What the pharmacy industry –– and the U.S. healthcare system itself, for that matter –– need is a permanent solution to the Medicaid reimbursement mess. And that solution can only be achieved by congressional action and enactment of a new law governing Medicaid.


The 2010 health-reform law goes part way toward that solution, by holding the line on pharmacy cuts and setting the FULs on Medicaid prescription payments at no less than 175% of cost.
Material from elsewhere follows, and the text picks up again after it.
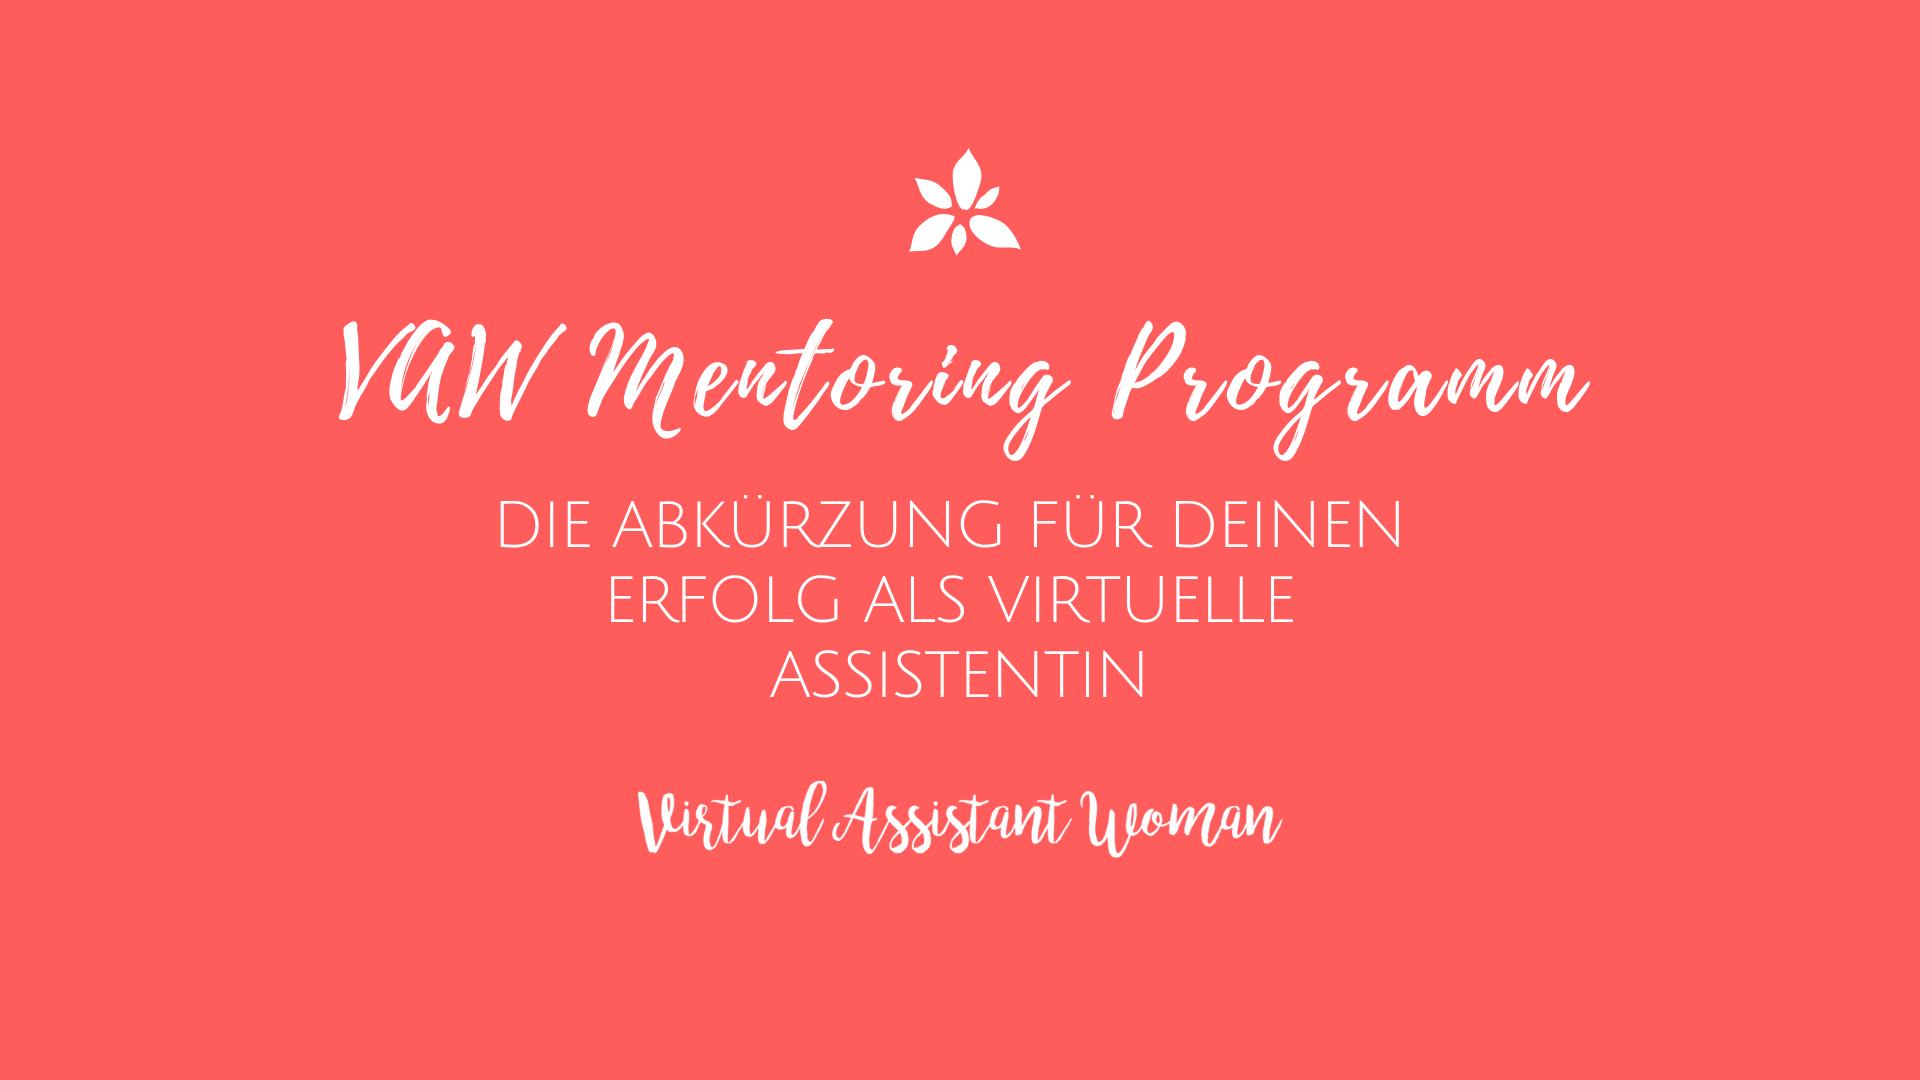 virtuelle assistenz mentoring programm

It also includes what NACDS president and CEO Steve Anderson calls “a much-improved definition and calculation method for AMP” that will “better approximate pharmacies’ costs for purchasing generic drugs.”


Anderson said the injunction lawsuit filed in 2007 by NACDS and its independent pharmacy counterpart, the National Community Pharmacists Association, has saved pharmacy more than $5.3 billion in cuts since a federal court blocked the imposition of the new AMP formula in January 2008. It also may have prevented the closing of more than 11,000 community pharmacies that otherwise would have been forced to dispense Medicaid scripts at a loss or stop serving lower-income patients.


“When we filed the lawsuit in 2007, we knew that patient care was at stake,” Anderson asserted.


The bottom line is that the White House and Congress need to establish a federal payment system that rewards –– rather than penalizes –– pharmacies for dispensing lower-cost generics that provide the same safety and efficacy profiles as higher-cost pioneer medicines. Such a permanent fix would be a win both for the pharmacy industry and the American taxpayer, by saving tens or even hundreds of billions of dollars over the long term in federal health costs.